This curious engraving is printed in an 1853 issue of The Illustrated Magazine of Art, along with an equally curious article. You may read the article for yourself, but the gist of it is this:
A certain John Hanstch of Nuremberg “made chariots which moved by a spring, and went two thousand paces an hour.” The engraving shows Herr Hanstch himself driving the thing. The rest of the short article is mostly filler about how amazed the people of olden times would have been if they could see our steam locomotives of today rocketing across the landscape.

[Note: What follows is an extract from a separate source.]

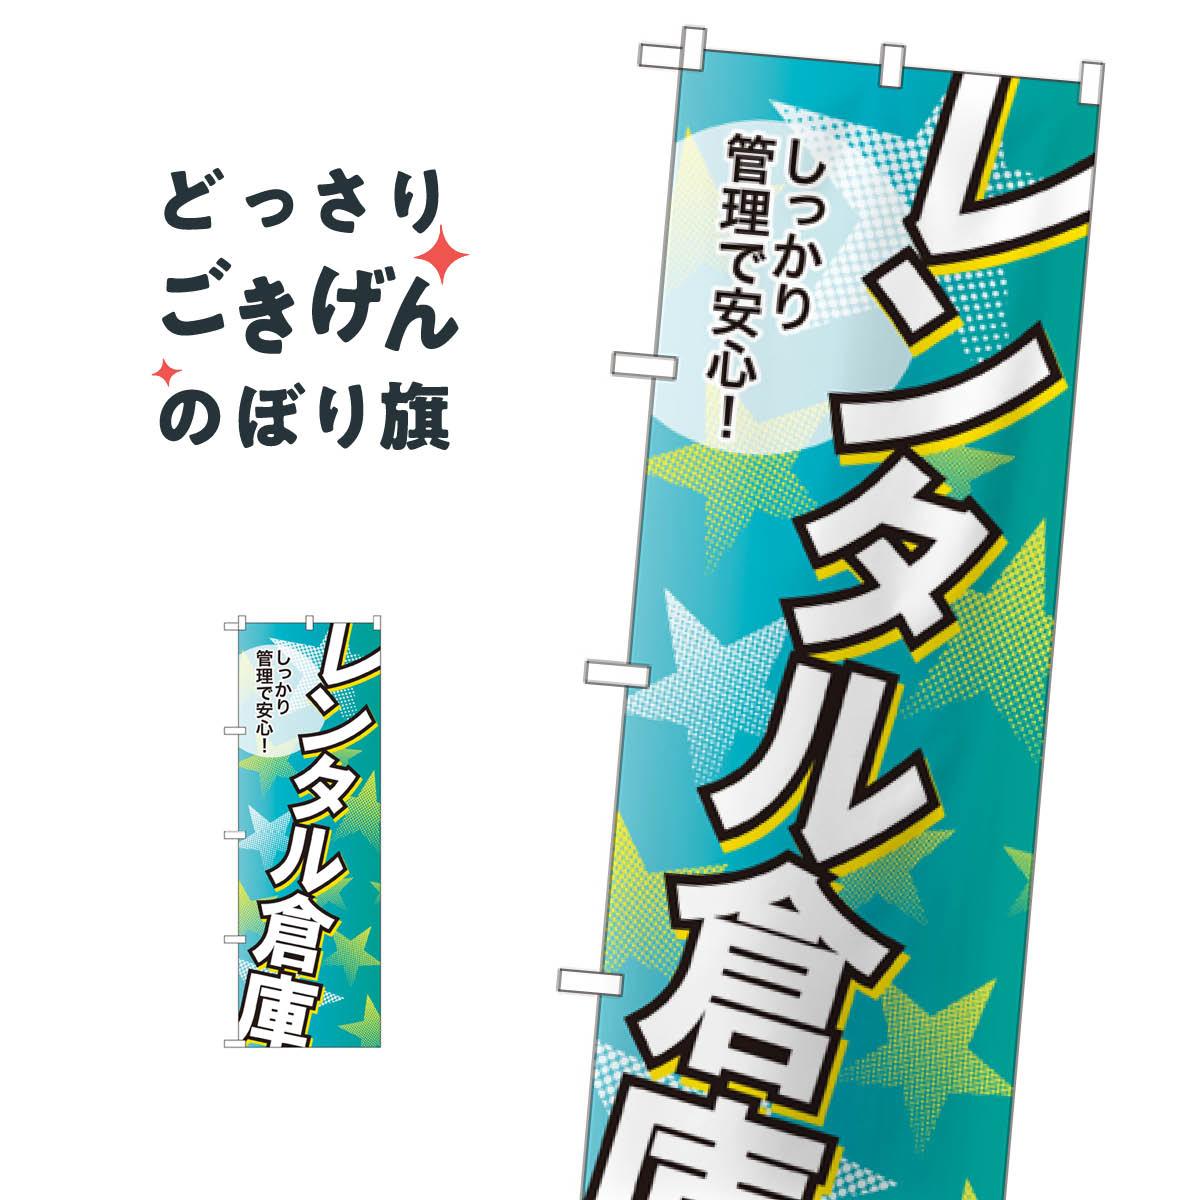 レンタル倉庫 のぼり旗 GNB-1992 貸し物件
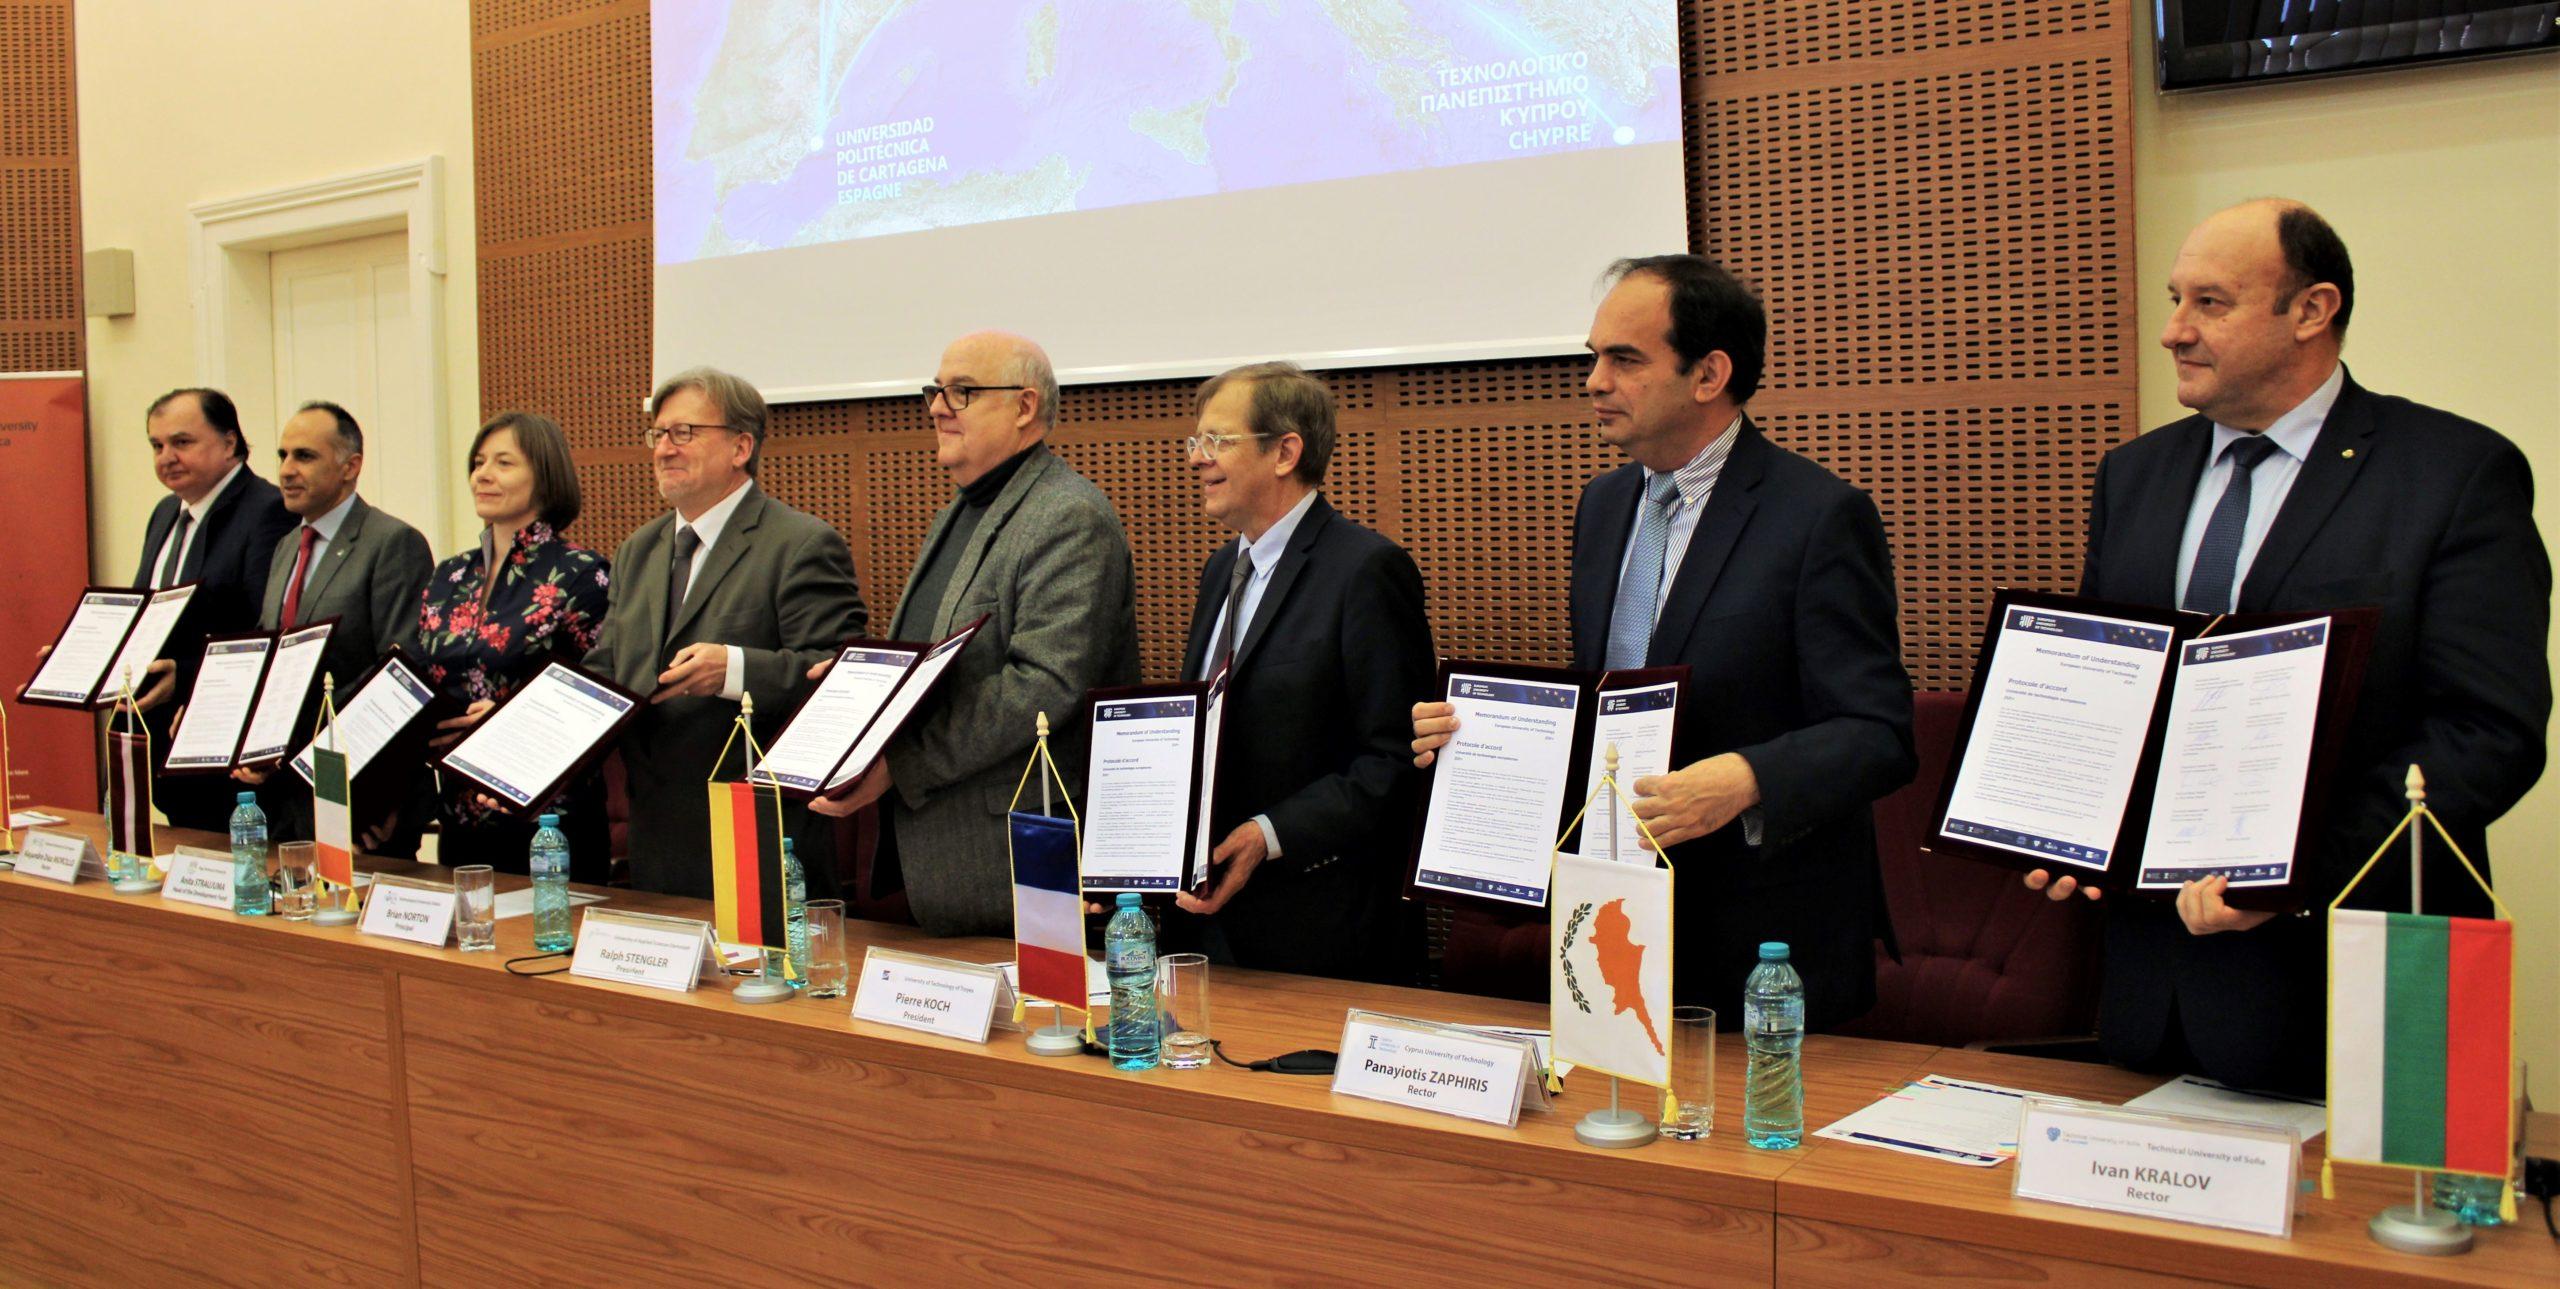 Die Hochschulleitung der acht Universitäten und Hochschulen des Bündnisses bei der Unterzeichnung des Memorandum of Understanding am 4. Februar 2020

Taking what seems to be the generally accepted estimate of two thousand paces to the mile, the thing moved at a rate of one mile per hour, which is not shockingly fast. In fact, it is about a third of the average person’s walking speed. At least the thing would not be very dangerous to pedestrians. The most decrepit among us could probably have seen it coming in plenty of time to shuffle out of the way.
Now here is the more curious thing: in his admittedly brief and lazy searching, Dr. Boli has not found a single reference to John Hanstch (or Johann Hantzsch, or any of the other variant spellings Dr. Boli could think of) who made clockwork chariots in the 1500s. The only results that come up are this article from this issue of this magazine. The article itself is no help: it gives as the source of its information “several special works upon the history of chariot building, and improvements in locomotion in the fifteenth and following centuries.” That is not very specific, though it sounds scholarly. The engraving leaves us with more questions: if the thing existed, it was so lavishly decorated that it could hardly have been the mechanic’s first attempt. One would not spend so much money—or rather, one’s patron would not spend so much money—on chimeras, seahorse-tailed dogs, and other grotesqueries unless the principle had already been demonstrated satisfactorily.
So Dr. Boli puts the question to the Internet at large, or at least to that elite (which is Internet-speak for “small”) group of readers who visit his Magazine: Is there any other record of this sixteenth-century wind-up chariot? Or is this a rather expensive hoax, in which an engraver put considerable effort into a fanciful conception of what a fifteenth-century clockwork chariot would look like if such a thing had existed?